BEGIN Data extract

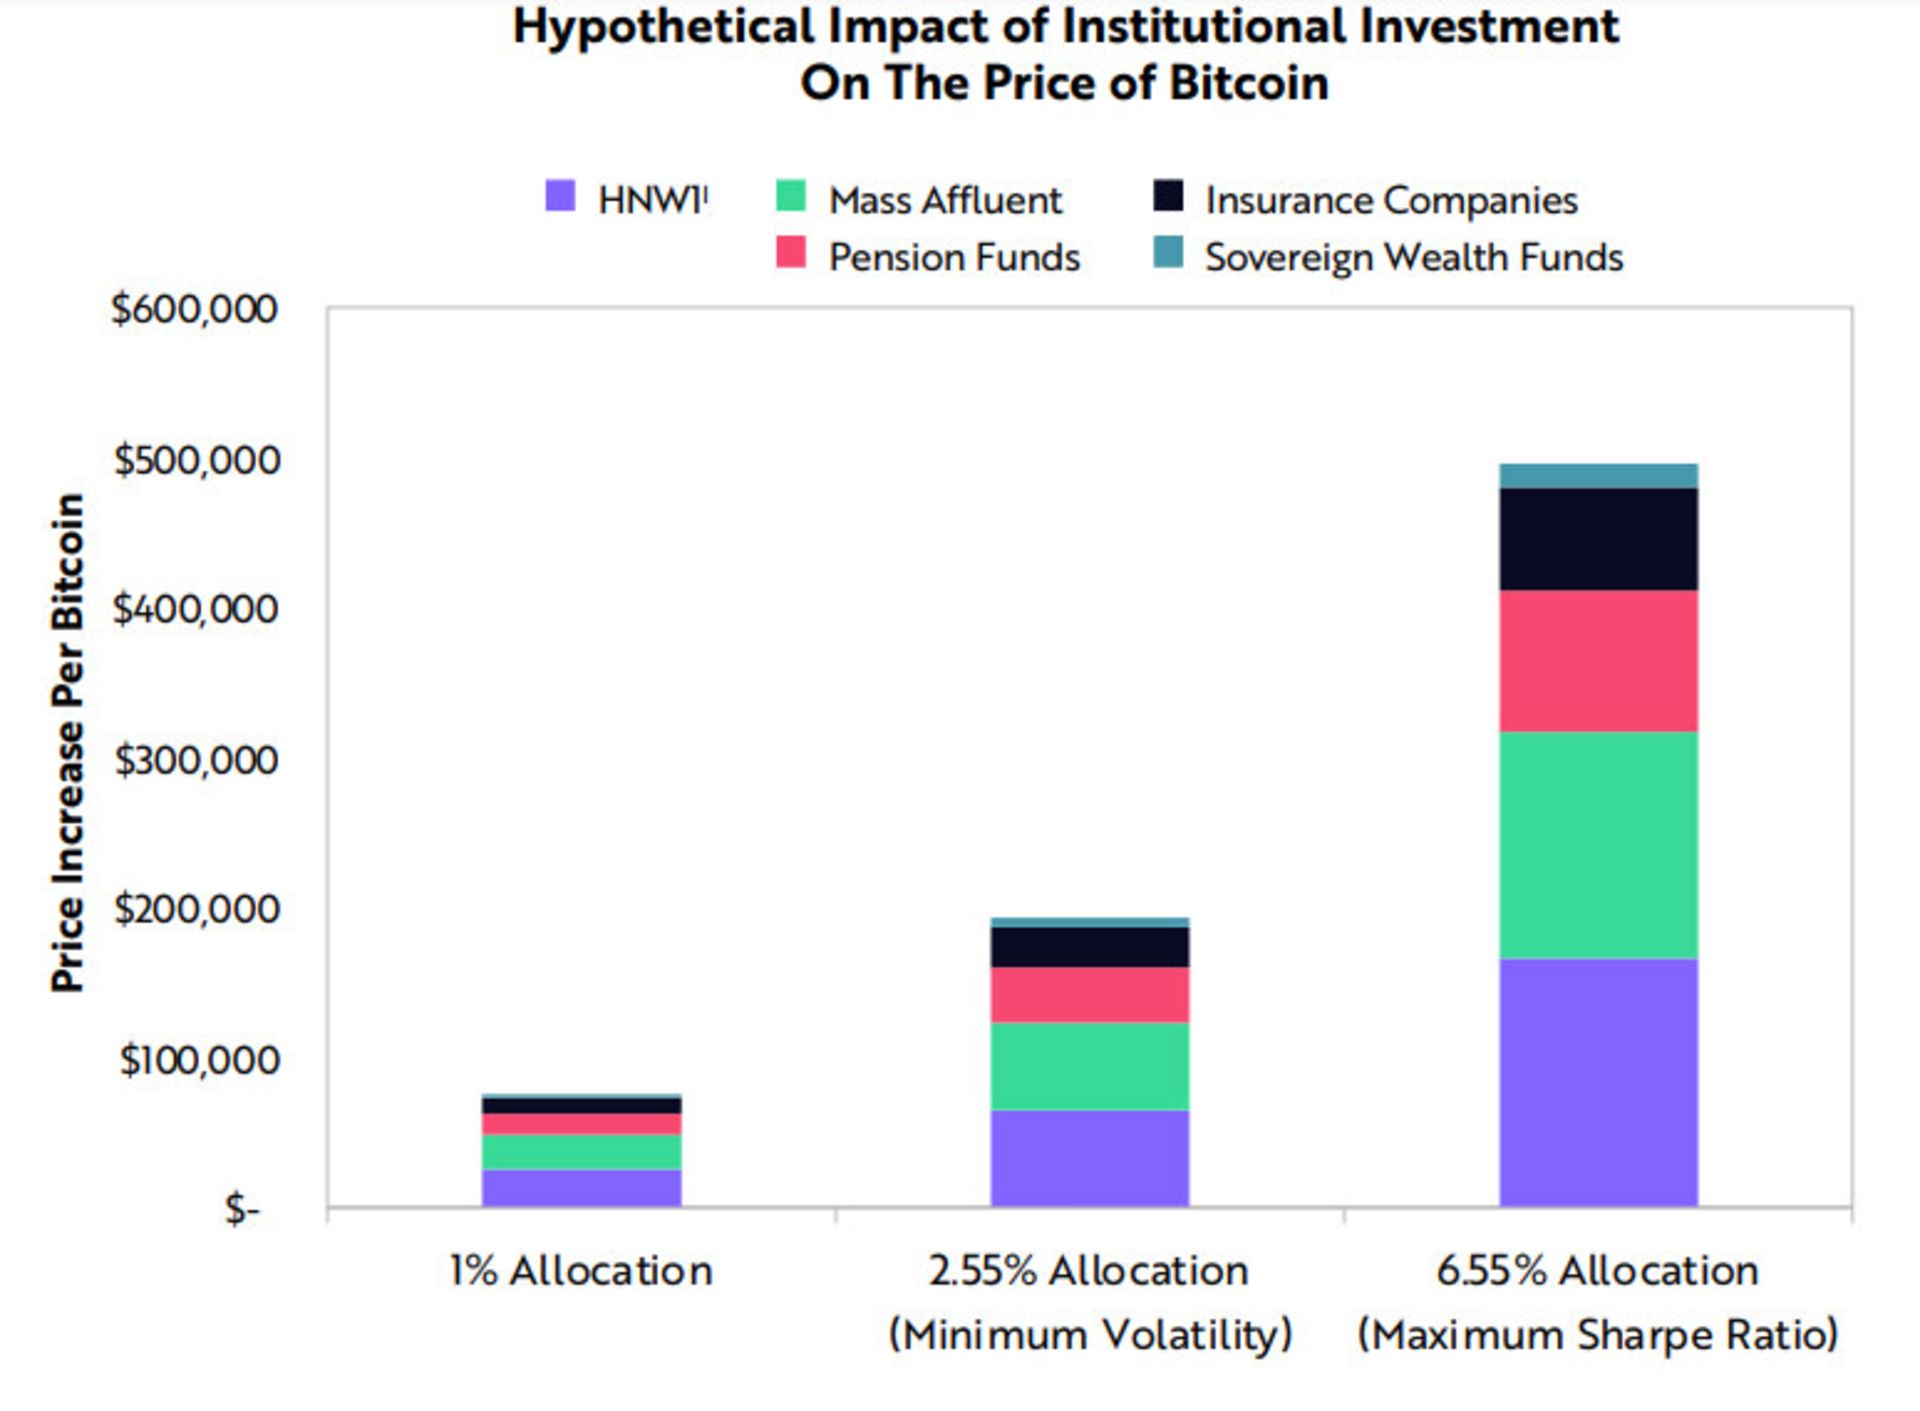 پیش بینی تاثیرگذاری سرمایه گذاری شرکتی روی ارزش بیت کوین / Bitcoin
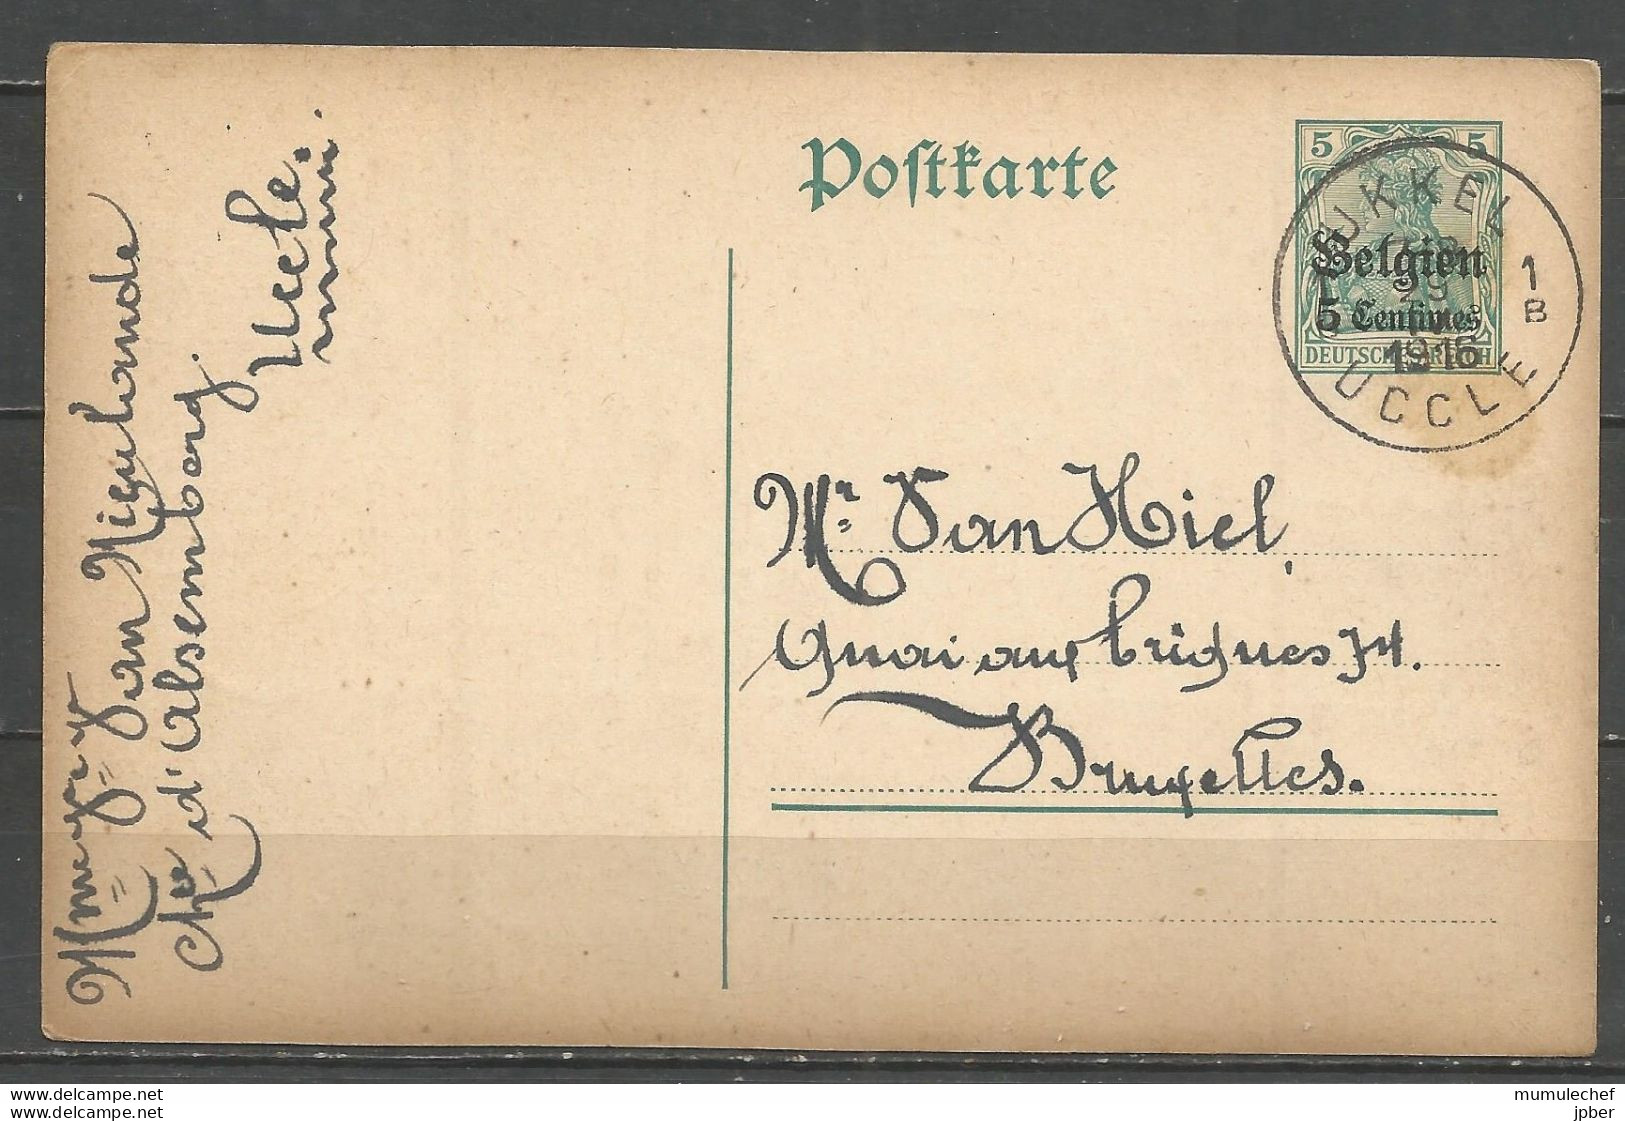 Belgique - Occupation Allemande - Carte Postale Type 1 (OC2) De UCCLE Sans Cachet Contôle Militaire - Deutsche Besatzung
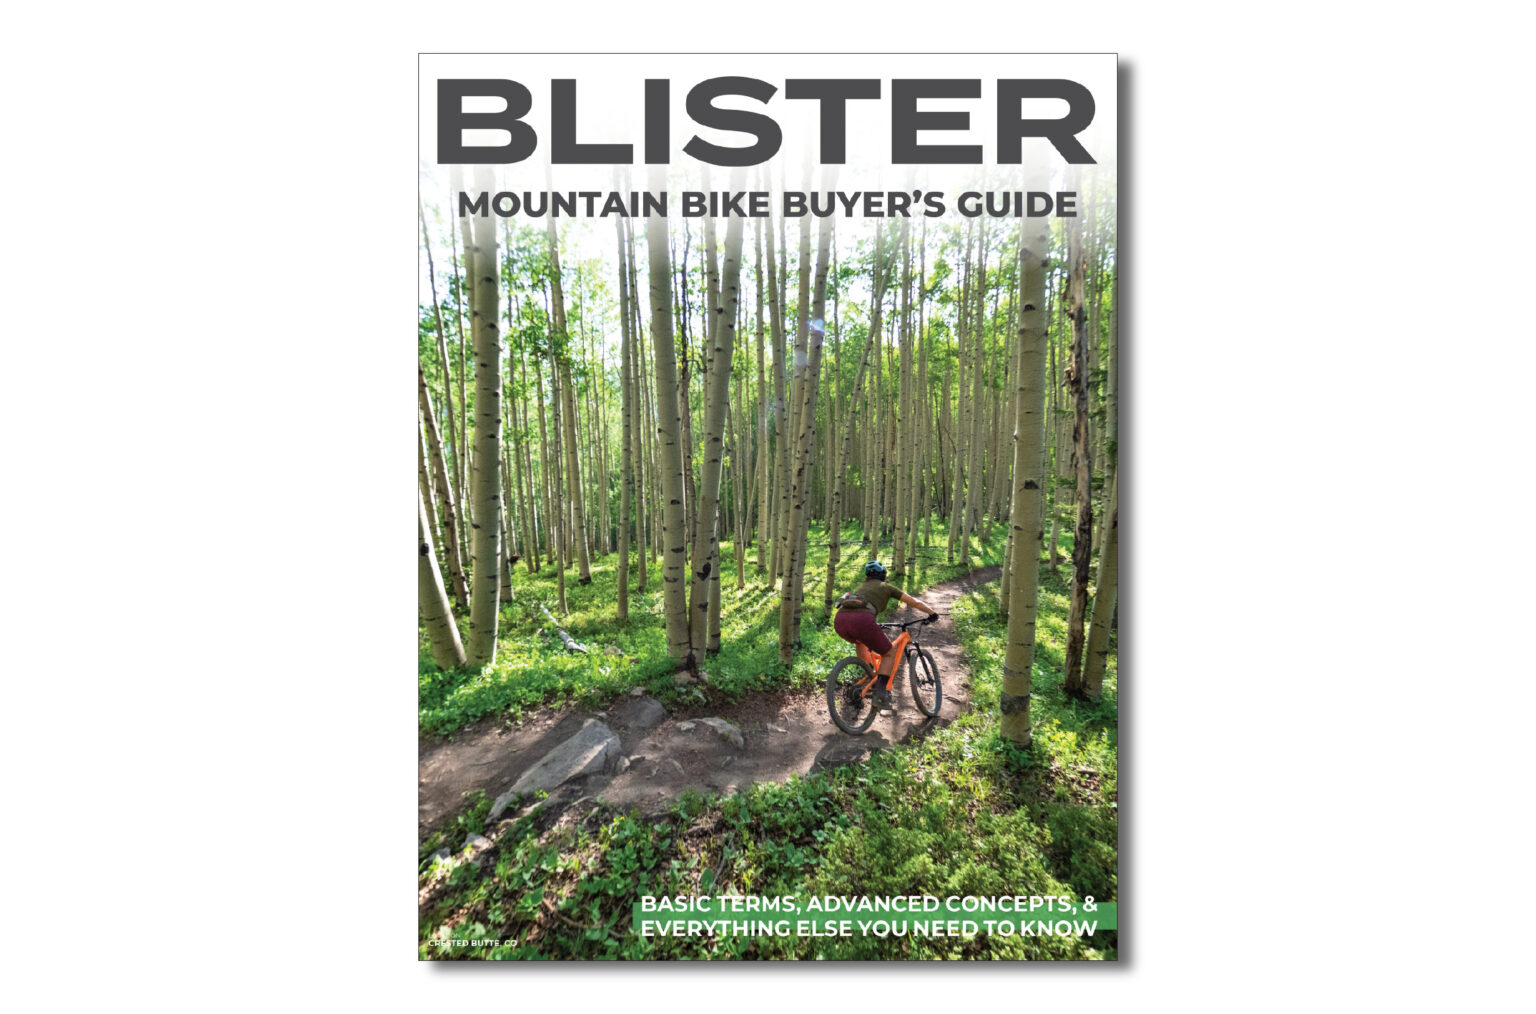 BLISTER Mountain Bike Buyer's Guide How to Buy a Mountain Bike

END Data extract

Output the data above in full. Skip every picture.

» **Answer for the task**
 پیش بینی تاثیرگذاری سرمایه گذاری شرکتی روی ارزش بیت کوین / Bitcoin
 Belgique - Occupation Allemande - Carte Postale Type 1 (OC2) De UCCLE Sans Cachet Contôle Militaire - Deutsche Besatzung
 BLISTER Mountain Bike Buyer's Guide How to Buy a Mountain Bike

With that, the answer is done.